John MacArthur offers the following overview of the role of the Law in Romans. He writes:

Paul has been building up to an explanation of the law’s place since Chapter 3, when he first mentioned that the law couldn’t save us. Chapters 3-8 give us a comprehensive view of the law and its role. In this section we learn some important things about the law:

• It can’t save us   Romans 3-5
• It can’t make us holy   Romans 6
• It can’t condemn us if we’re in Christ   Romans 7:1-6
• It can convict us of sin   Romans 7:7-13
• It can’t deliver us from sin   Romans 7:14-25
• It can be fulfilled in the power of the indwelling Spirit   Romans 8:1-4

A realistic strategy for the civil war.
Charles Swindoll offers the following suggestions:

A. We should freely admit our own lack of understanding.
The Apostle Paul was able to say, “For that which I am doing, I do not understand; for I am not practicing what I would like to do, but I am doing the very thing I hate” (v.15). He didn’t always know why he failed to consistently please God. And he did not try to give people the impression that he was without problems. We would do well to model this kind of honesty before one another. Then we will discover the support from each other we need to carry on the fight.

B. We should accept our own imperfections.
Paul knew that he was saved, but he also realized that he still sinned.

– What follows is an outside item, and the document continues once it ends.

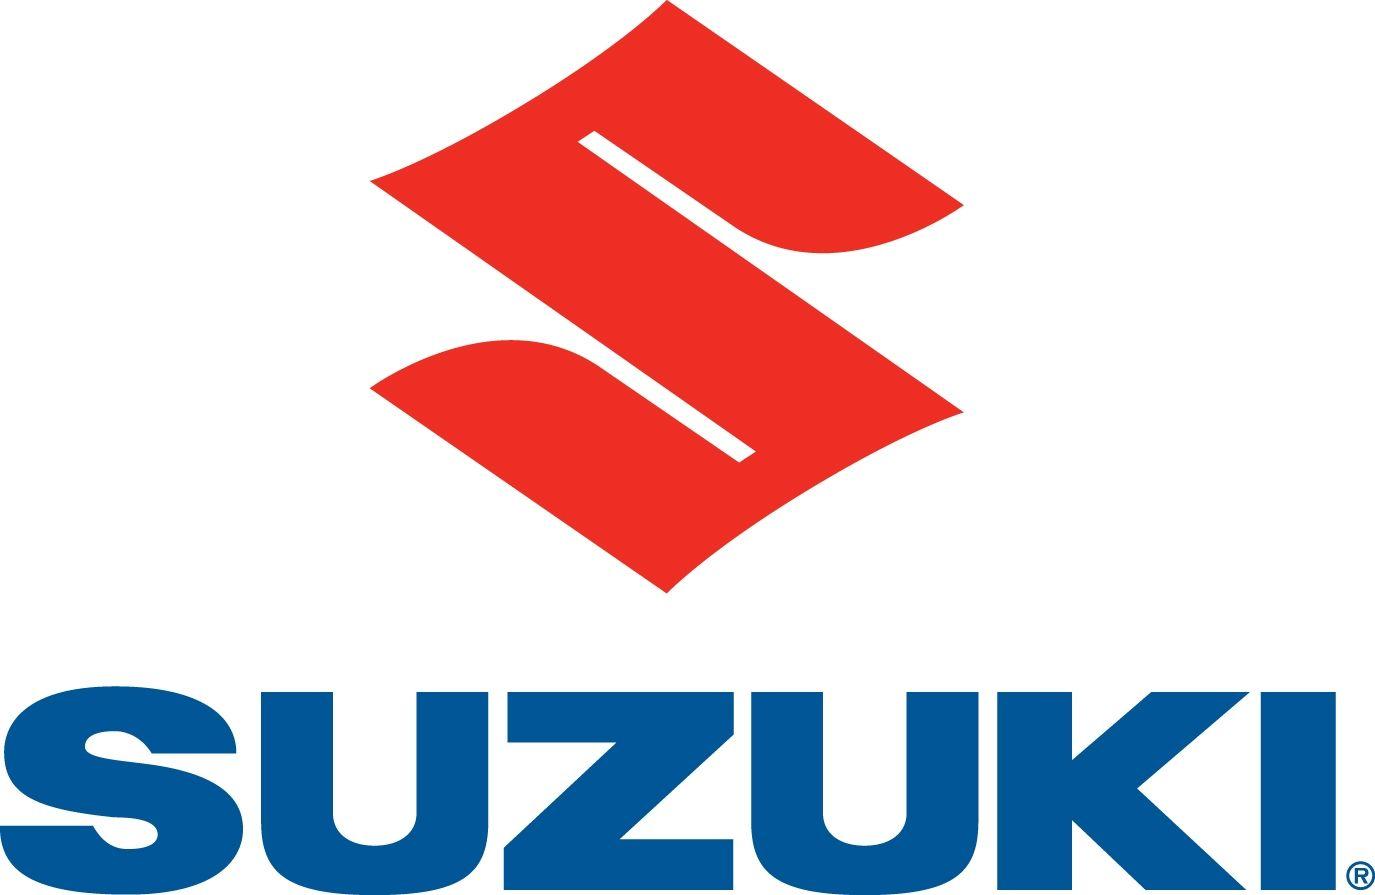 All Red for All Company Logo - Suzuki Logo, Suzuki Car Symbol Meaning and History | Car Brand Names.com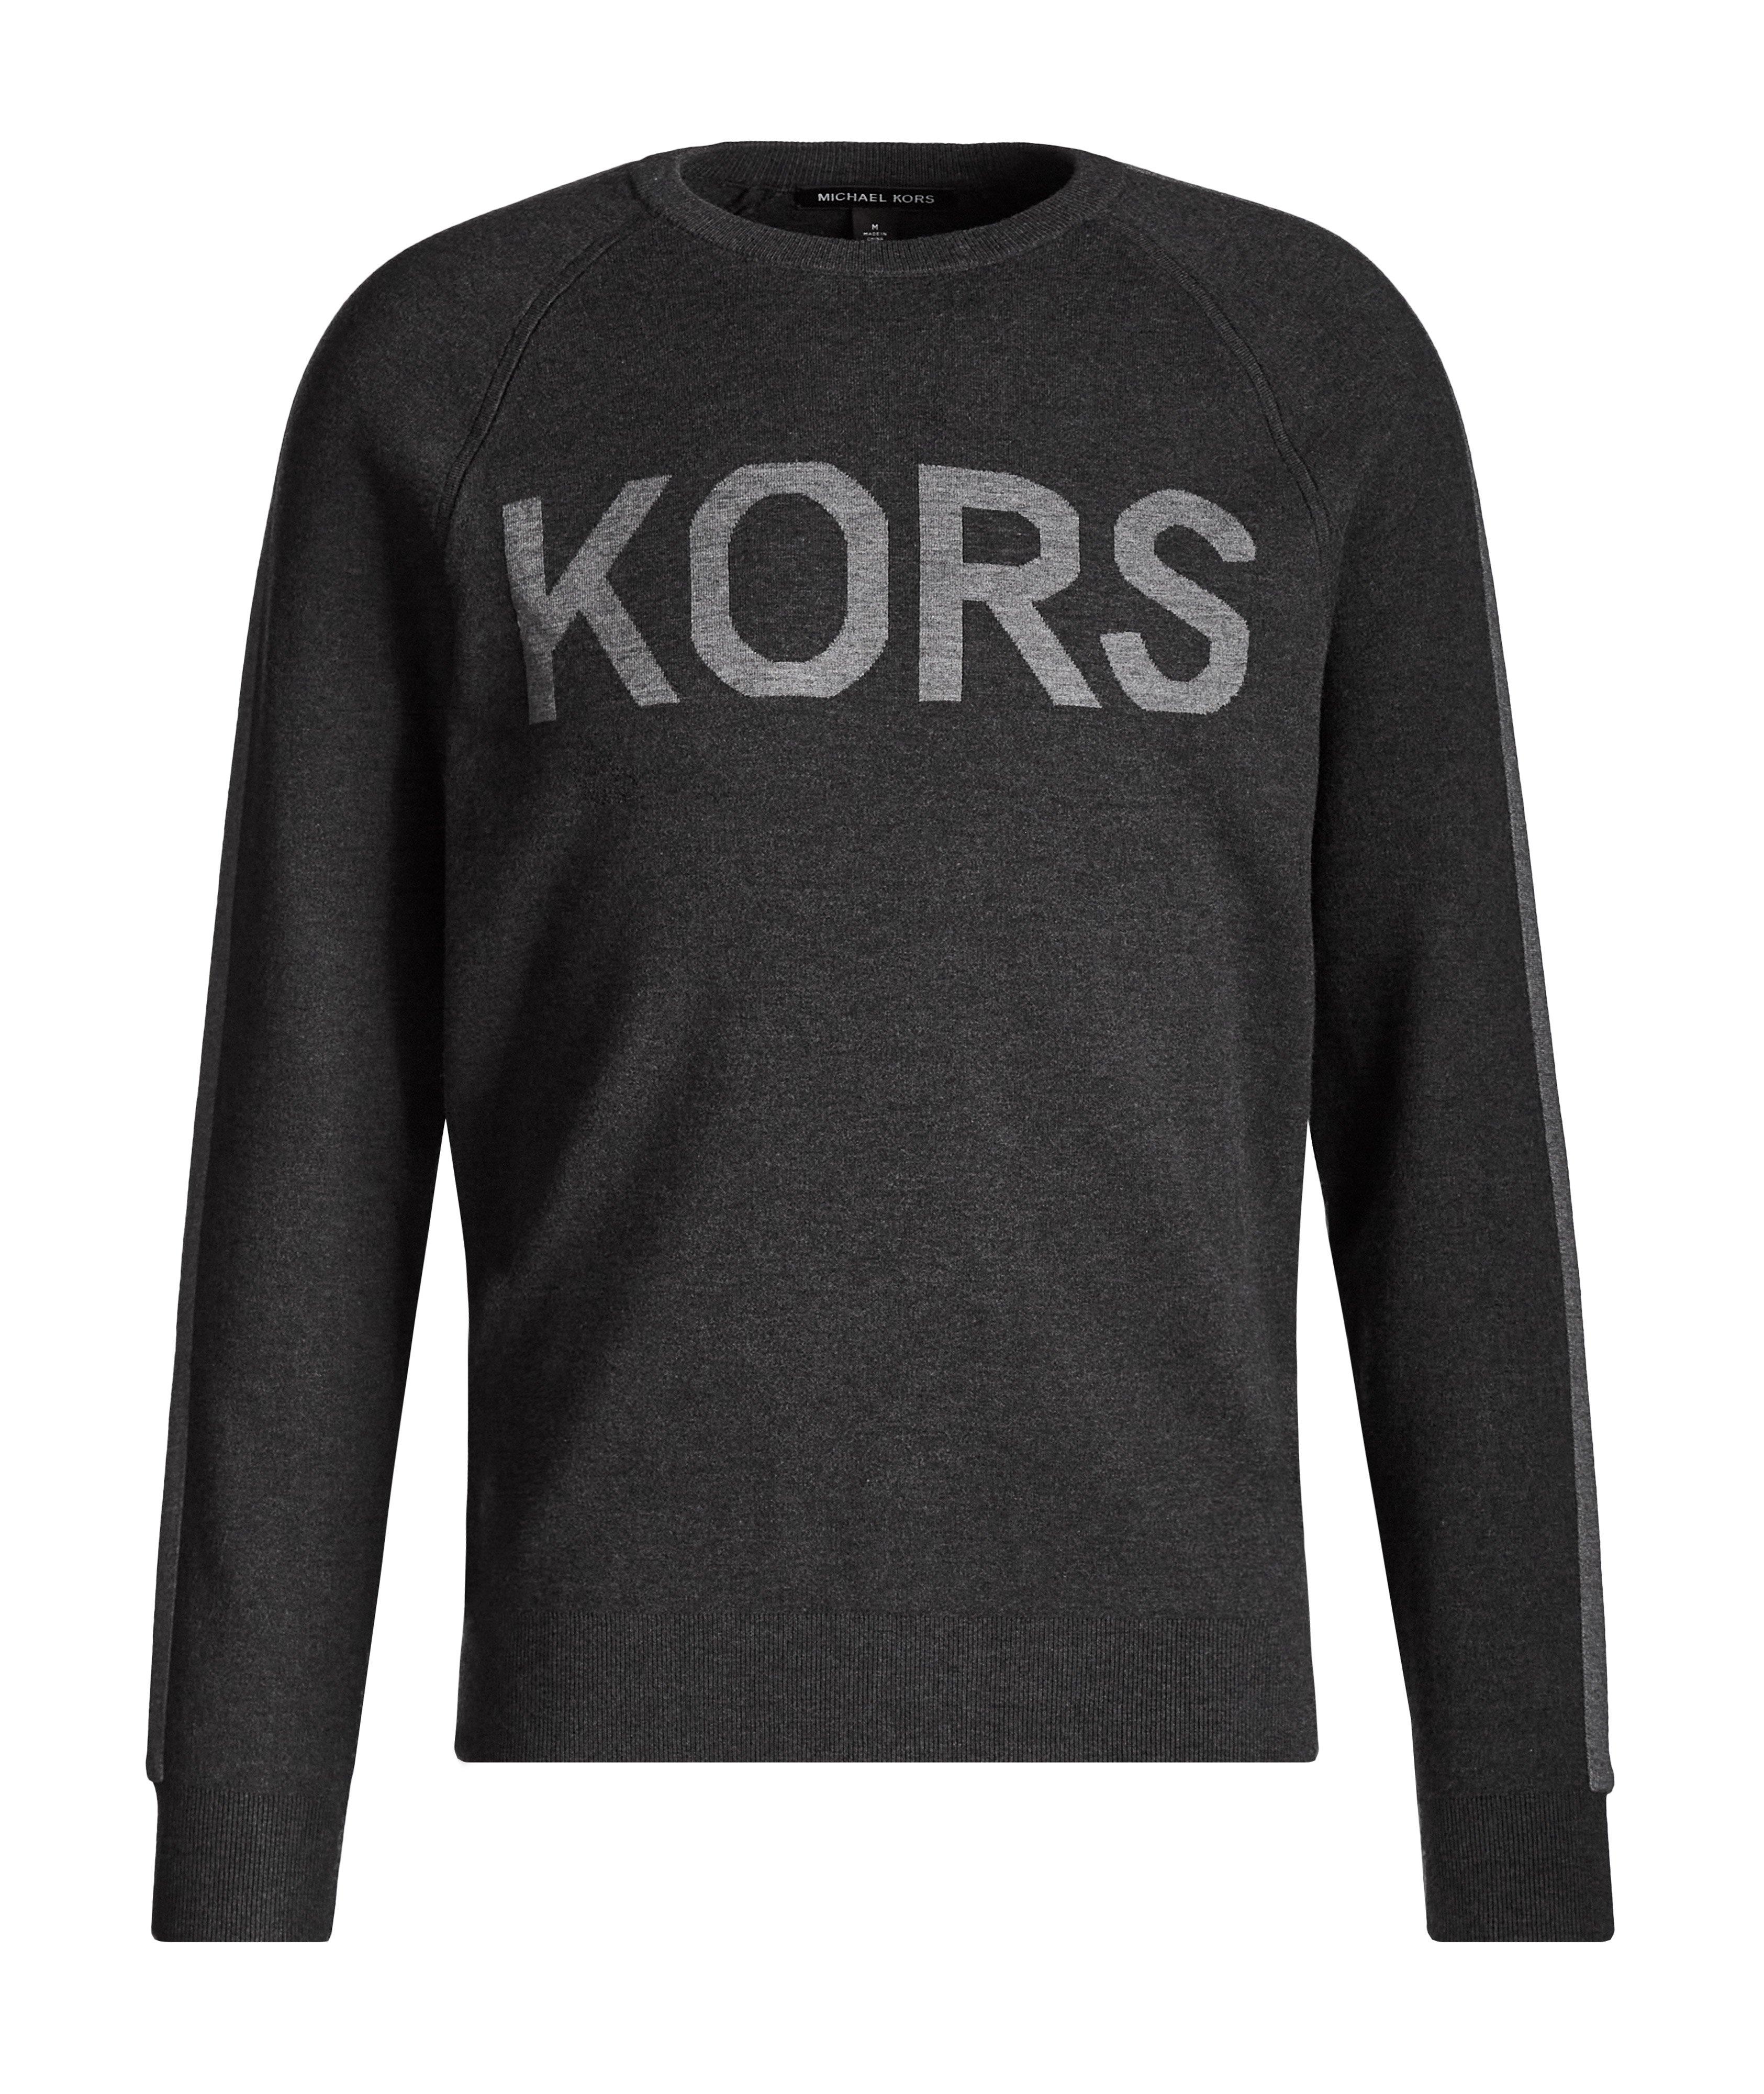 Michael Kors Printed Jersey Stretch Sweatshirt | Sweaters & Knits ...

This did not make him complacent in his struggle against sin, but it did breed a realistic approach to life that even brought contentment in the midst of extreme adversity (Phil. 4:11-13; cf. 2 Cor. 11:23-30). The same benefit can be ours if we will begin by acknowledging our own sinfulness and inadequacy.

C. We should leave room for failure.
It’s quite easy for us to handle personal victory, but defeat is a different matter. We don’t want to face it, much less talk about it. But if we fail to realize that defeats will come, we will place unrealistic expectations on ourselves that can only lead to frustration and pessimism. God does not hate failure. After all, He loved failures so much that He sent His only Son to die for them. The Lord simply asks that we learn from our mistakes and use them to move closer to Him.

We should admit our true feelings to God.
Paul was able to acknowledge his struggle with sin. Similar confessions can be found throughout Scripture, especially the Psalms (e.g., Pss. 32, 51). The Lord wants us to unload our true feelings on Him. When we do, we will find comfort and peace (cf. Matt. 11:28-29).